By Ben Goodman ’16, Sports Editor


It hadn’t been done in a decade, but this group of youthful believers had defied expectations and permanently silenced its detractors. The white-clad players, meanwhile, drooped off the field, contemplating how another jaw-dropping catch and incredible comeback had snatched from an Arizona Super Bowl from their grip. As the navy blue and neon green confetti fell from the rafters, it was evident the back-to-back champion Seattle Seahawks were on top of the world.
Or not.
It was actually the New England Patriots that emerged Super Bowl XLIX winners on February 1st, and a crazy ending that only got crazier had football fans around the world contemplating “what-if’s?” like the one above. Though millions watched the game, which became the most watched TV event in American history, let’s set the scene one more time.
Down 28-24 with about a minute left, the Seahawks were midfield with the ball and the need to score a touchdown to win the game, after seeing all-time-great quarterback Tom Brady and the Patriots offense erase their ten point lead through two quick touchdown drives. Seahawks quarterback Russell Wilson dropped back and lofted a long pass down the right side line that seemed to hit the ground- a mundane incompletion. Yet, as viewers craned to see the action near the five yard line (the Seattle sideline obscured the view), it became apparent that receiver Jermaine Kearse had miraculously tipped the ball off his legs and snagged it, all while on the ground. This description does the catch little justice, and Patriots fans were quite aghast after NBC announcer Chris Collinsworth compared it to the infamous (or famous, for Giants fans) David Tyree-helmet-catch that derailed the then-unbeaten Patriots’ chances back in Super Bowl 42 in the same stadium, and it seemed the world was falling in New England. “I couldn’t believe it was happening again!” groaned Evan Snerson, founder of the blog “Patriots Home” a die-hard Boston sports fan, “At that moment, I felt like everything was conspiring to beat us.”

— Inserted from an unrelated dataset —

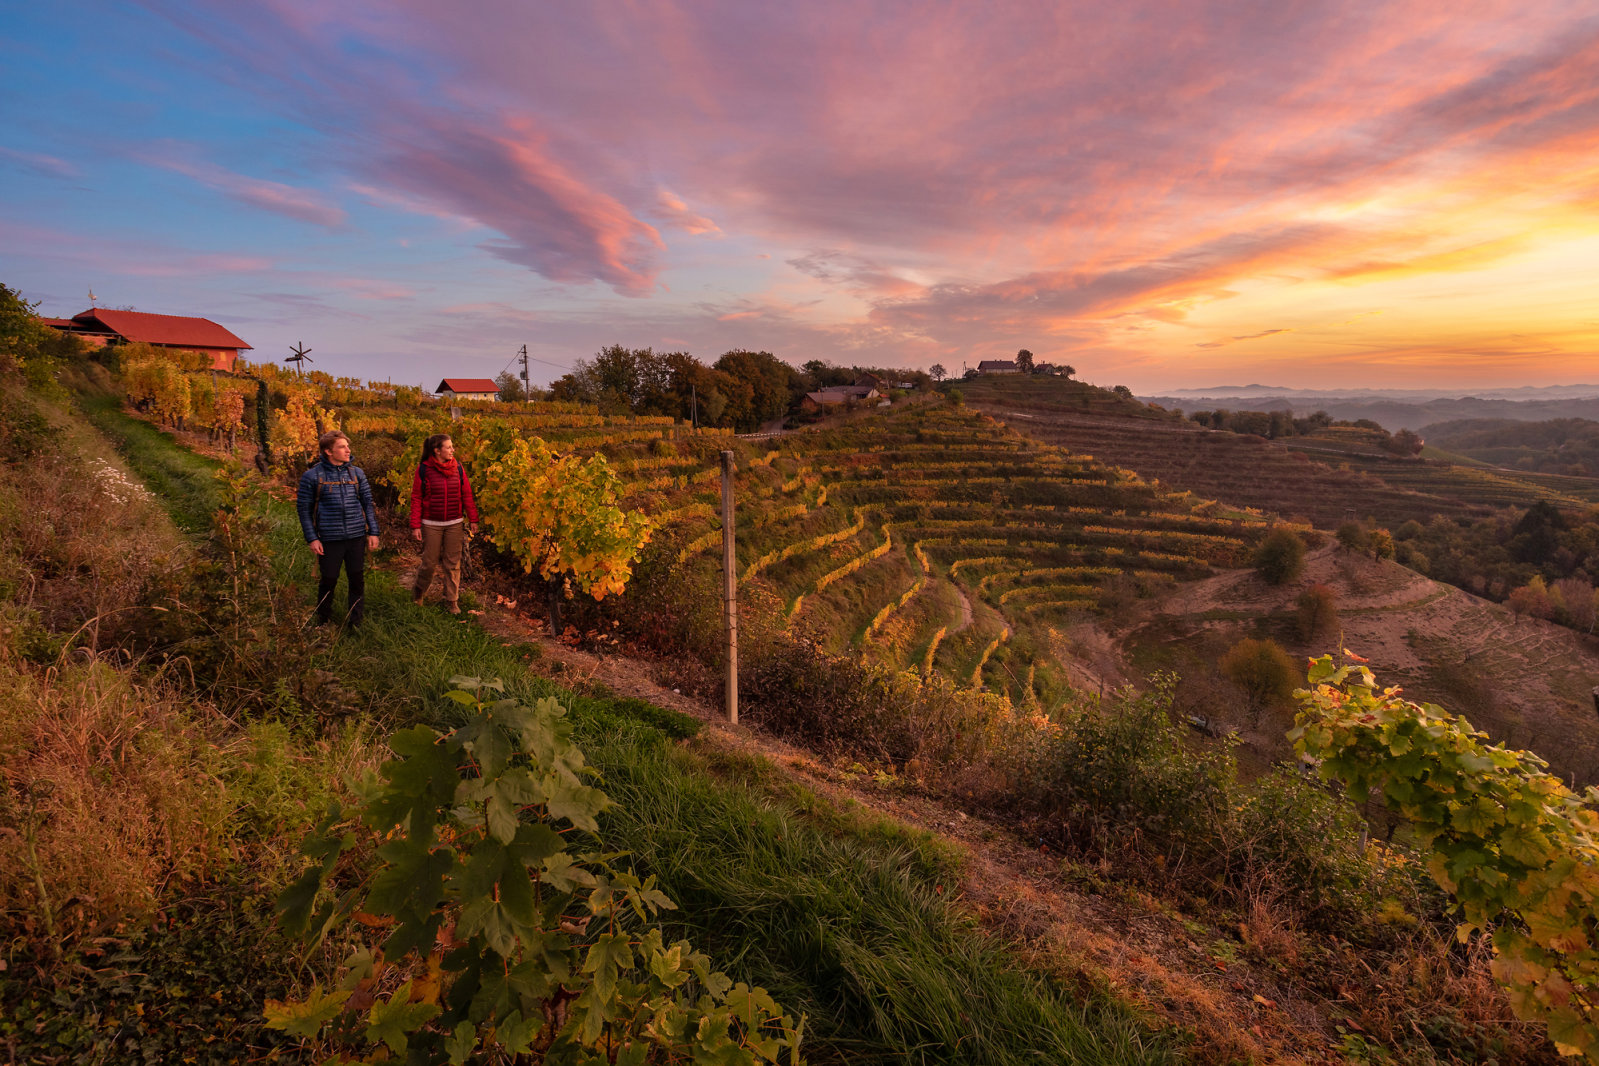 Kirándulás a szőlőtőkék között - Fotó: Jošt Gantar
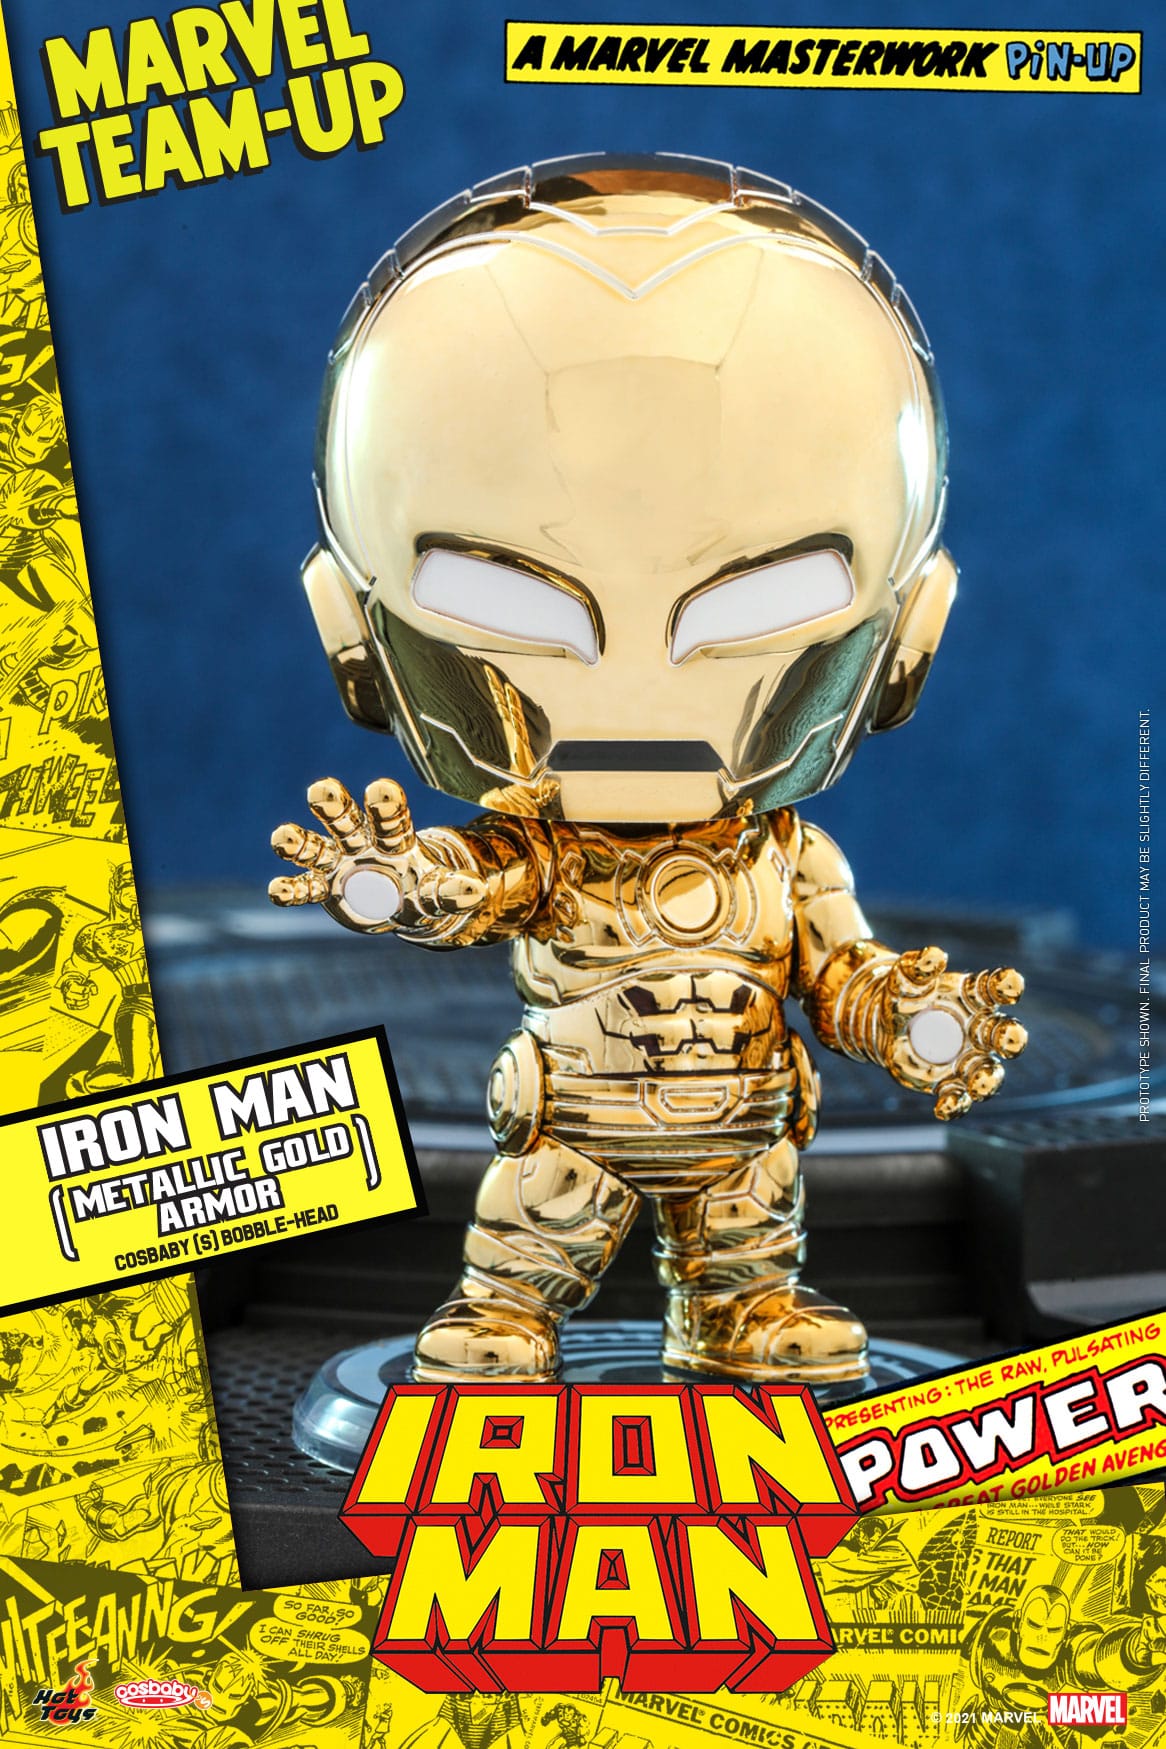 Iron Man (armadura de oro metálico) Cosbaby

Indeed, “everything,” many argue, should have succeeded. With the ball on the one yard line on second down, with 26 seconds to go, the Seahawks, with one timeout, came out in a “bunch” formation, wherein two receivers, Kearse and Ricardo Lockette, clumped together on the line of scrimmage. This, Seattle coach Pete Carroll reasoned postgame, was a response to the Patriots’ “goal-line package,” wherein they stacked all of their defenders near the ball, and up-close, so as to possibly stop a running play, which in Carroll’s mind, presumably, justified his team’s play call: a pass. Kearse was supposed to set a pick on the Patriots cornerbacks, while Lockette would become open for the easy score. At 0:26, Russell Wilson, in shotgun, took the snap, hesitated, and fired the ball toward the edge of the end zone, but basically nothing else went right. Undrafted corner Malcolm Butler easily shed Kearse’s pick, read the pass, and jumped in front of Lockette, intercepting the ball and falling down at 0:22, four seconds later, cradling the pigskin, and the Patriots’ victory, like a baby. After the game, predictably, Carroll and Wilson were grilled about the decision to pass instead of handing the ball to running back Marshawn Lynch. Many, including Collinsworth, who exclaimed, “I can’t believe the call!”, lambasted the decision from the outset.
The burly Lynch, after all, is known for bulldozing defenders and reaching the end zone, and letting him get the ball was in some minds the safest, best option. “Too many things can go wrong in a crowded endzone (when one elects to pass,)” quipped Cory Tell, an Academy alumnus whose prominent blog, Cory Tell All Sports, extensively covered the game. Of course, as Snerson added, “It would be remiss to overlook an excellent play by Butler himself.” Even if the call was questionable, Butler had to make a huge effort to get around the screen and pick the ball off, and, to be cynical, if Lockette had hauled in the pass for a touchdown, what story would be told about the call? Would Carroll be the zany mastermind who outfoxed legendary Patriots coach Bill Belichick by thinking outside the box and passing? Would Russell Wilson be, well, the next Tom Brady?
The beauty is that these are, again, hypotheticals, because what happened happened. We’ll only dream of the Seahawks defending back-to-back titles, looking for a “three-peat,” and we’ll only wonder how Brady and Belichick would’ve coped with losing three Super Bowls after winning their first three. In four seconds in the desert, victory was snatched from the jaws of defeat, or the other way around; it depended on whether one was celebrating in the bars of Beantown or sobbing in the Emerald City. In four seconds, the script was flipped, and Super Bowl 49 became an instant classic.